Image on the left taken from http://www.libreexpresion.net/hace-71-anos-nacia-una-marca-registrada-el-maracanazo/ | Image on the right generated by the author
Image on the left taken from https://www.marca.com/reportajes/2010/02/brasil_1950/2010/02/26/seccion_01/1267145745.html | Image on the right generated by the author
Image on the left taken from http://historiaenestampas.blogspot.com/2014/06/el-maracanazo.html | Image on the right generated by the author
Image on the left taken from https://diarioroatan.com/el-mundo-recuerda-70-anos-del-maracanazo-obtenido-por-uruguay/ | Image on the right generated by the author
Image on the left taken from https://www.futbolred.com/selecciones-nacionales/a-16-dias-del-mundial-obdulio-varela-capitan-de-uruguay-en-el-maracanazo-84789 | Image on the right generated by the author
Although the color images I think are original, since I tried to find not only iconic images of the maracanazo but also rarer images, it surely will not surprise many. There have already been people who “colored” images of the last World Cup won by Uruguay, although I suppose it was done by hand, with image editors, and not using artificial intelligence.
What is perhaps a little more original and less seen is to see videos of the time in color. I used a pre-trained model that can be consumed via a Python library called DeOldify (https://github.com/jantic/DeOldify) and two videos I found on YouTube: https://www.youtube.com/watch?v=I3Nxq2nUgFA (Uruguay champion 1950 – THE GOALS) andhttps://www.youtube.com/watch?v=6pMmRFKKZfk (The day Brazil cried | Uruguay World Champion 1950). The credits and rights of the videos and the song belong to their respective authors.
I leave here the results:
Section for nerds
The training of the model has some special features that are beyond the training of “traditional” GANs.

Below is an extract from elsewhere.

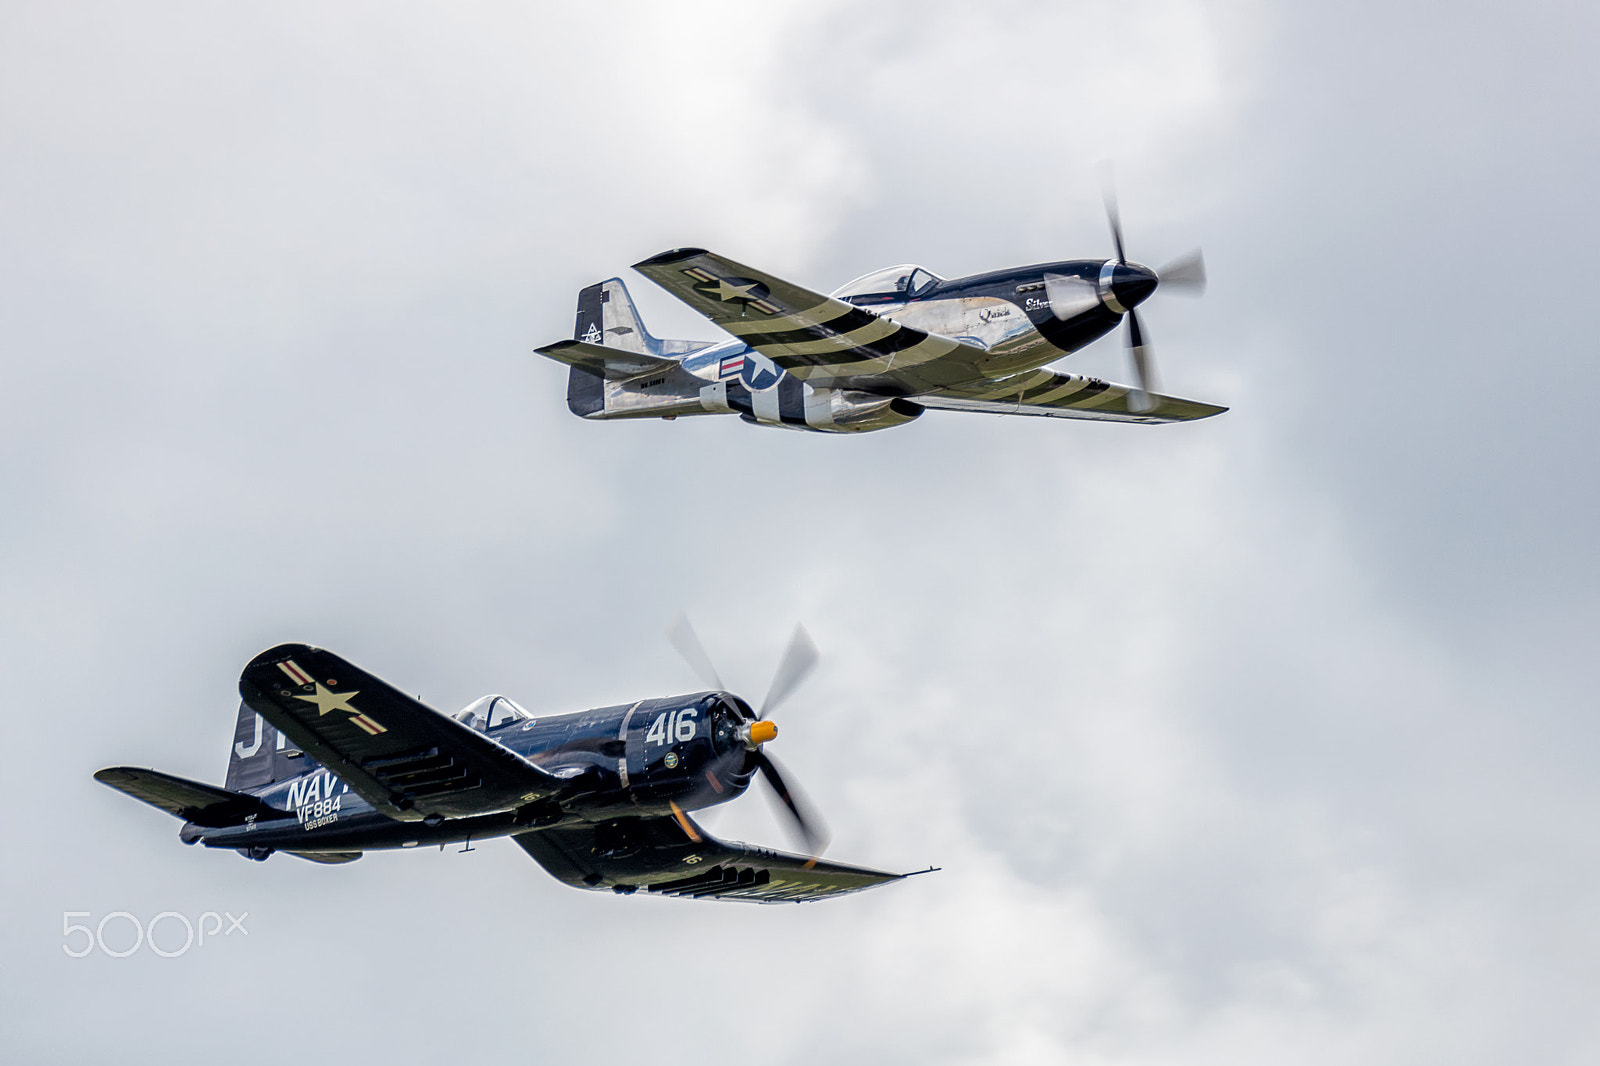 Canon EOS 5DS sample photo. F-4u corsair and p-51 mustang in flight 6 photography

There is one step that is important so that it is used to stabilize the video a bit more so that there are no weird jumps or things like that. All this considering that what is actually being done is to color frame by frame and that no temporality management is done, so it could perfectly happen that an object that is painted green one second appears yellow the next.
A related aspect to this is the use of resnet101 as the backbone of the generator. This network is composed of 5 blocks of 9, 69, 12 and 9 convolutional layers respectively. This architecture has proven to be “easier” to train than very deep networks since, as it is residual, it has shortcuts to skip layers (this avoids some problems such as the vanishing gradient) but at the same time it achieves very good levels of performance in tasks such as picture classification.

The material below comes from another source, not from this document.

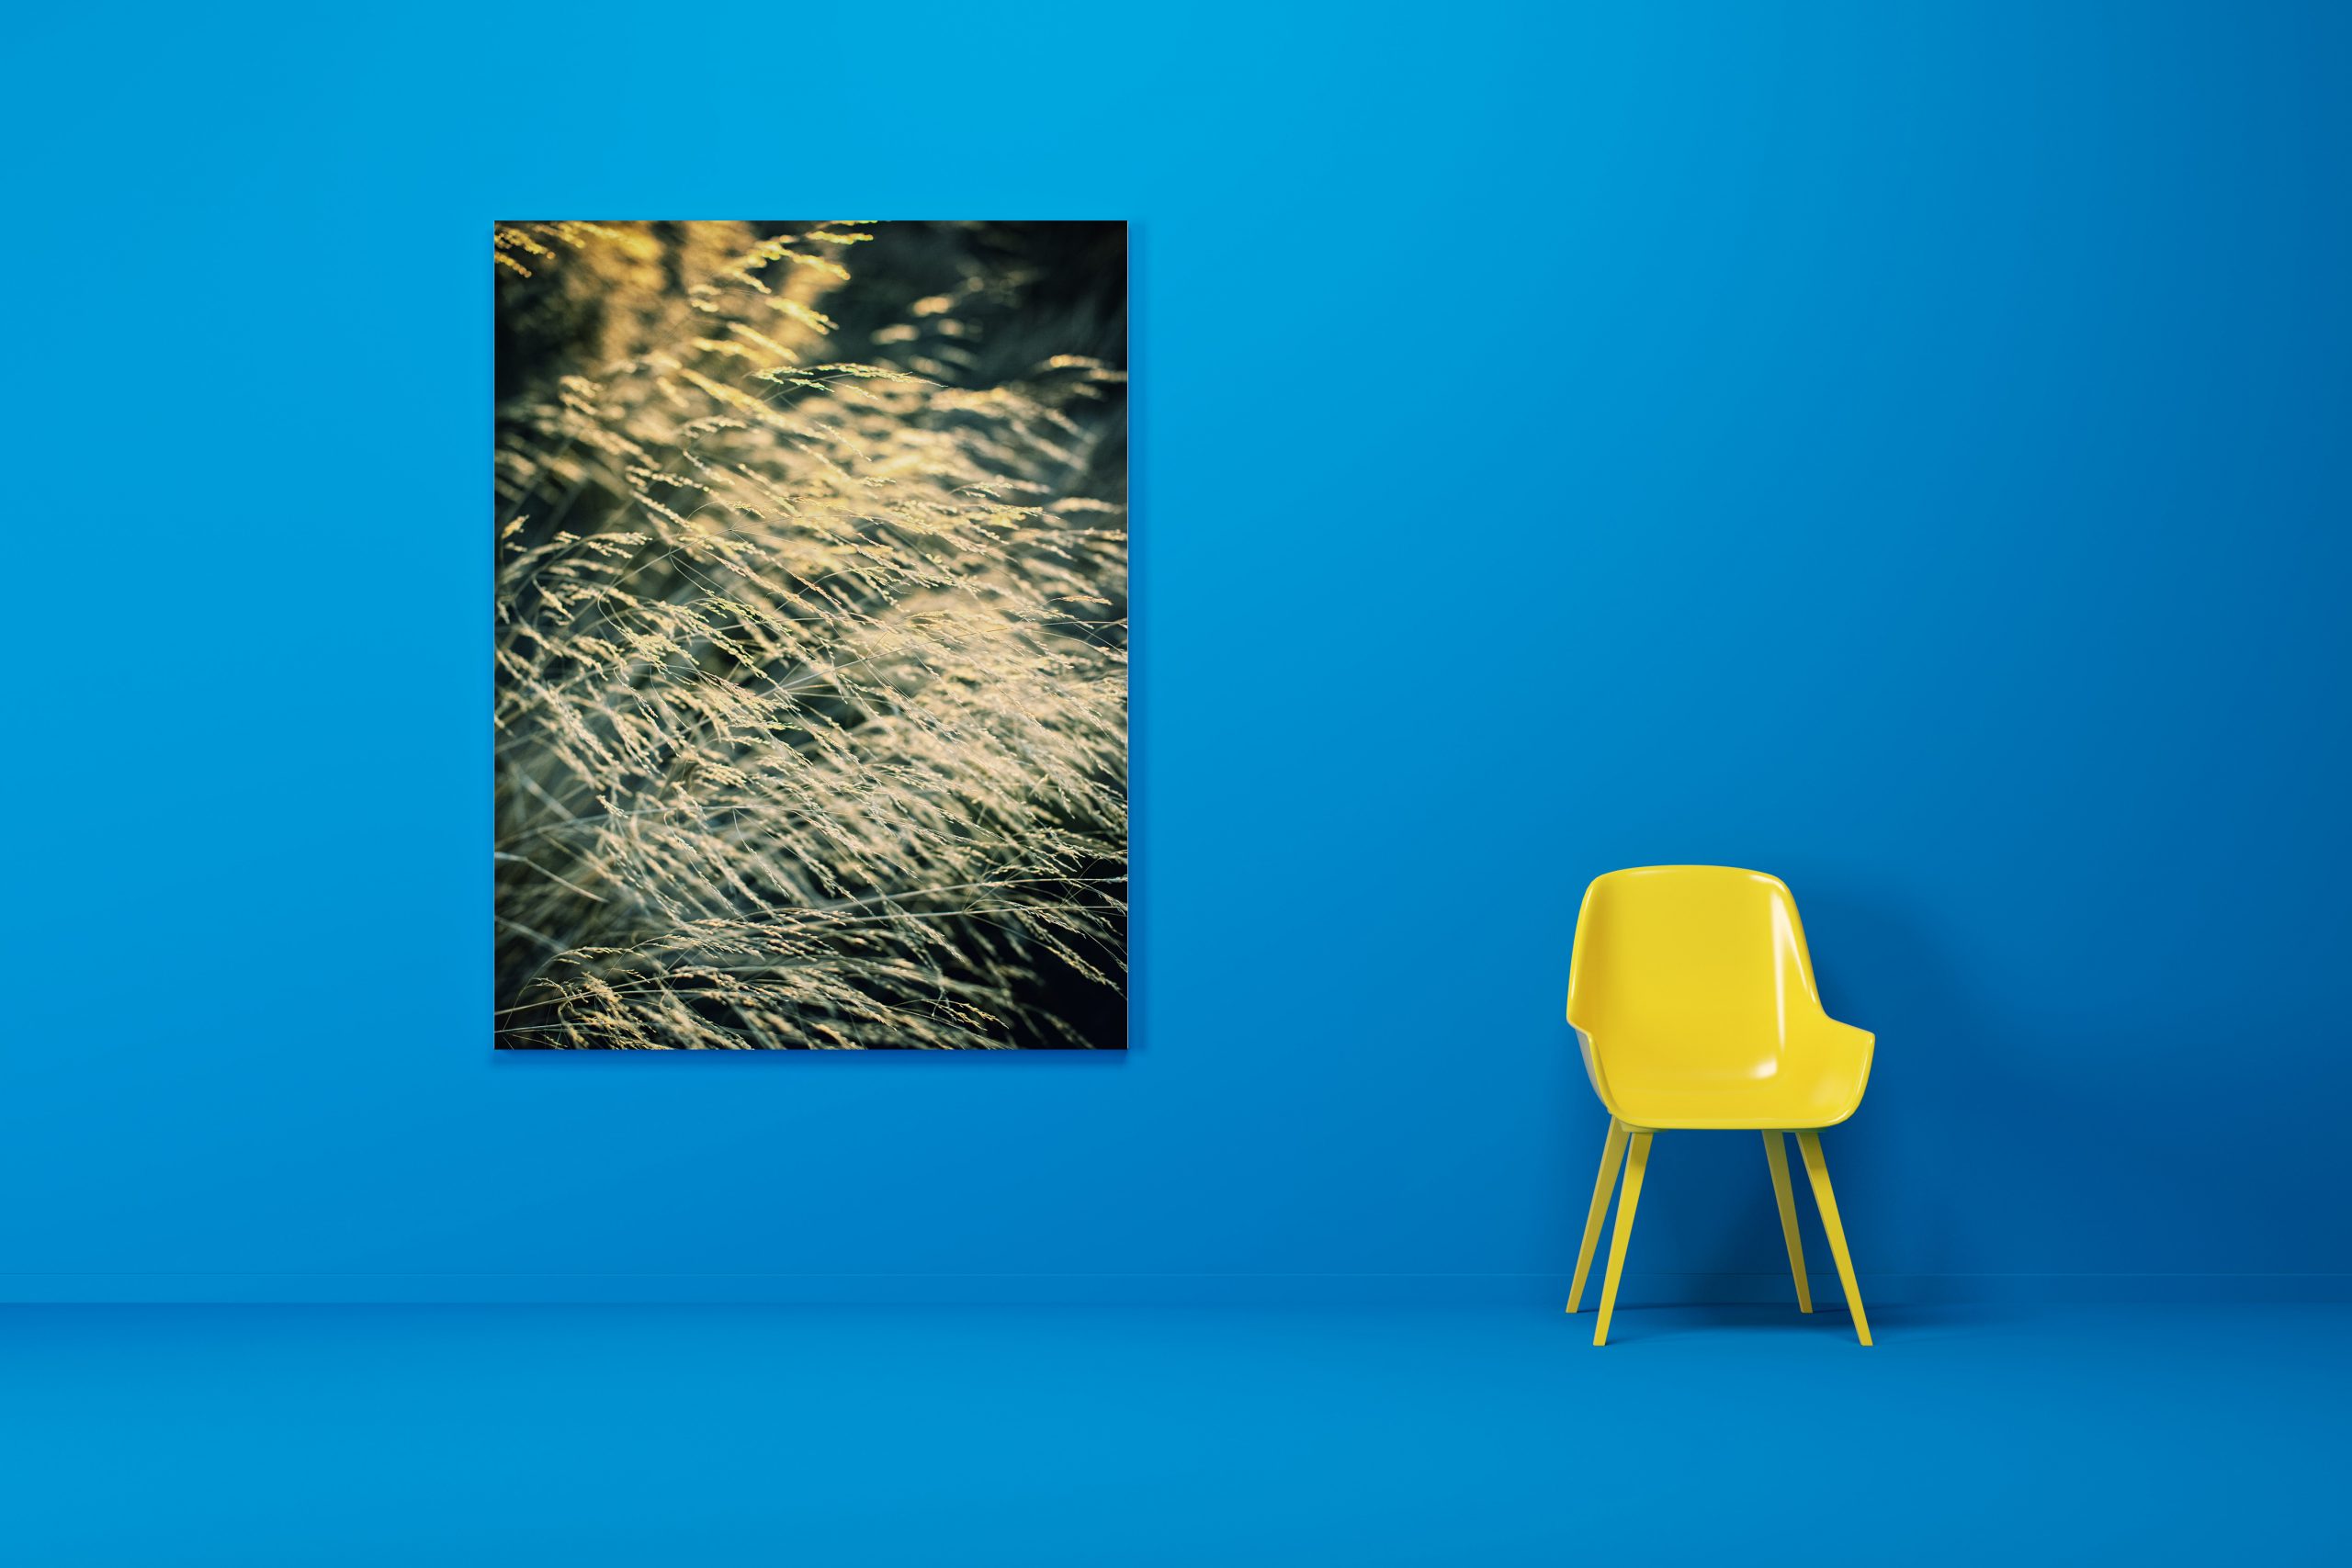 Blue room, yellow chair, poster

The ingenious thing about the training is that instead of training as an ordinary GAN, the generator is first trained in a conventional way. For this I provide you with color training images that are transformed to black and white. It uses a loss to adjust the weights so that they can generate color images from the black and white images.

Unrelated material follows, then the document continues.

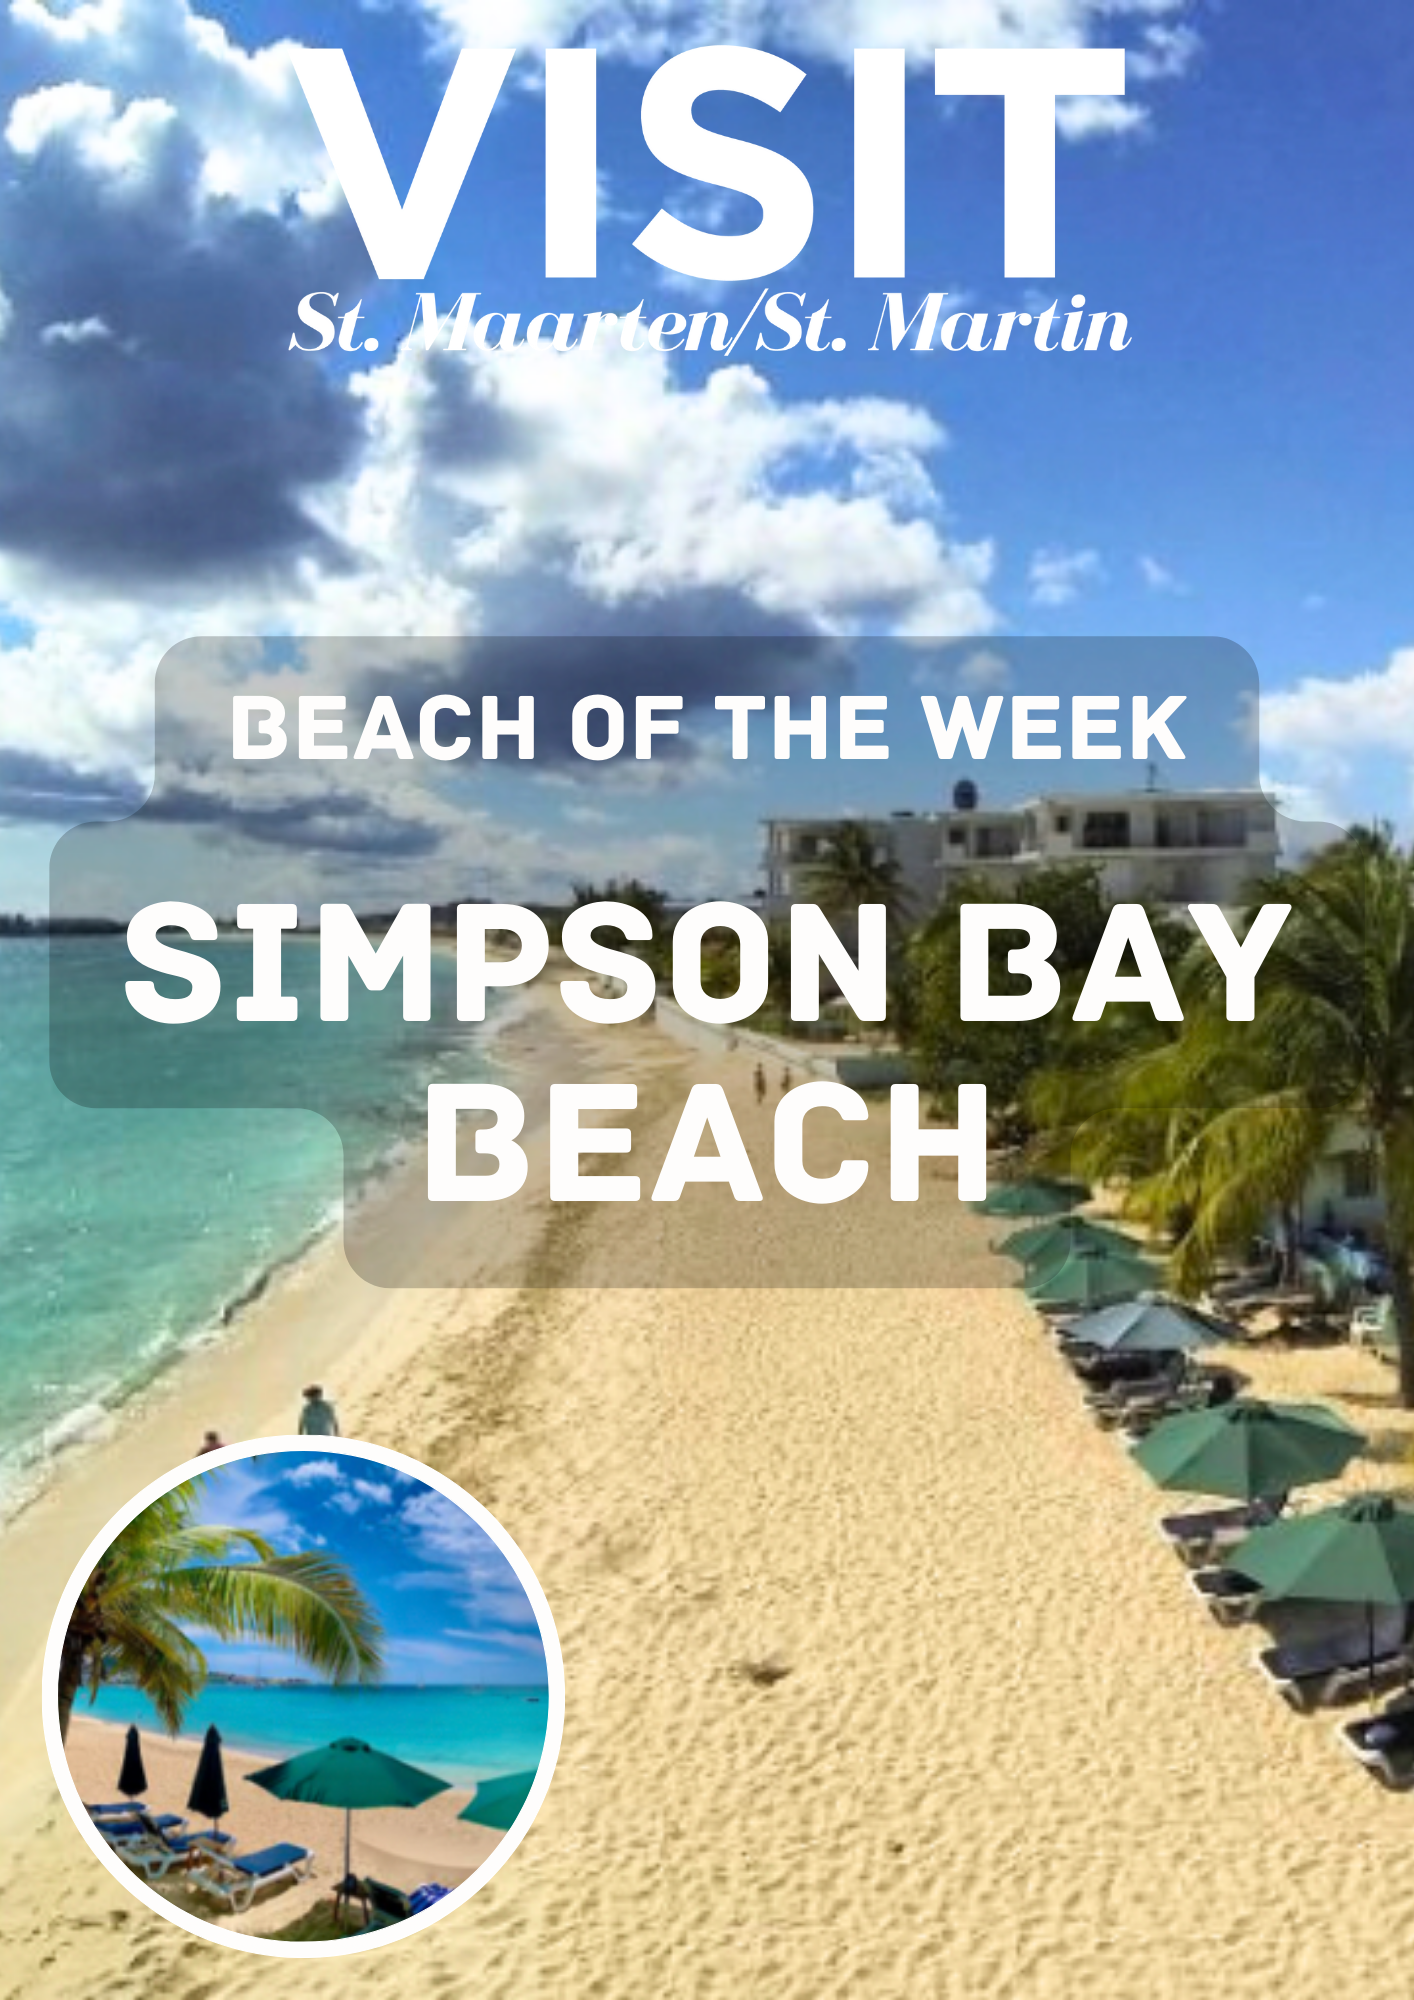 The St Maarten beach of the week is Simpson Bay Beach which is on the south side of the Caribbean island

The discriminator is then trained: it is fed with the images generated by the generator and real images and is trained as a run-of-the-mill binary classifier.
Finally (with between 1 and 3% of the dataset images) the generator and discriminator are trained together with a traditional GANs approach. This part of the training is very similar to a two-player minimax game: the generator tries to maximize the chance that the discriminator will make mistakes, and the discriminator tries to minimize its error. The final model, implemented in PyTorch, weighs about 900MB and although when the video quality is not very good the colors are a bit “washed out” it fulfills its purpose very well and when the videos are in black and white, but good quality they are impeccable.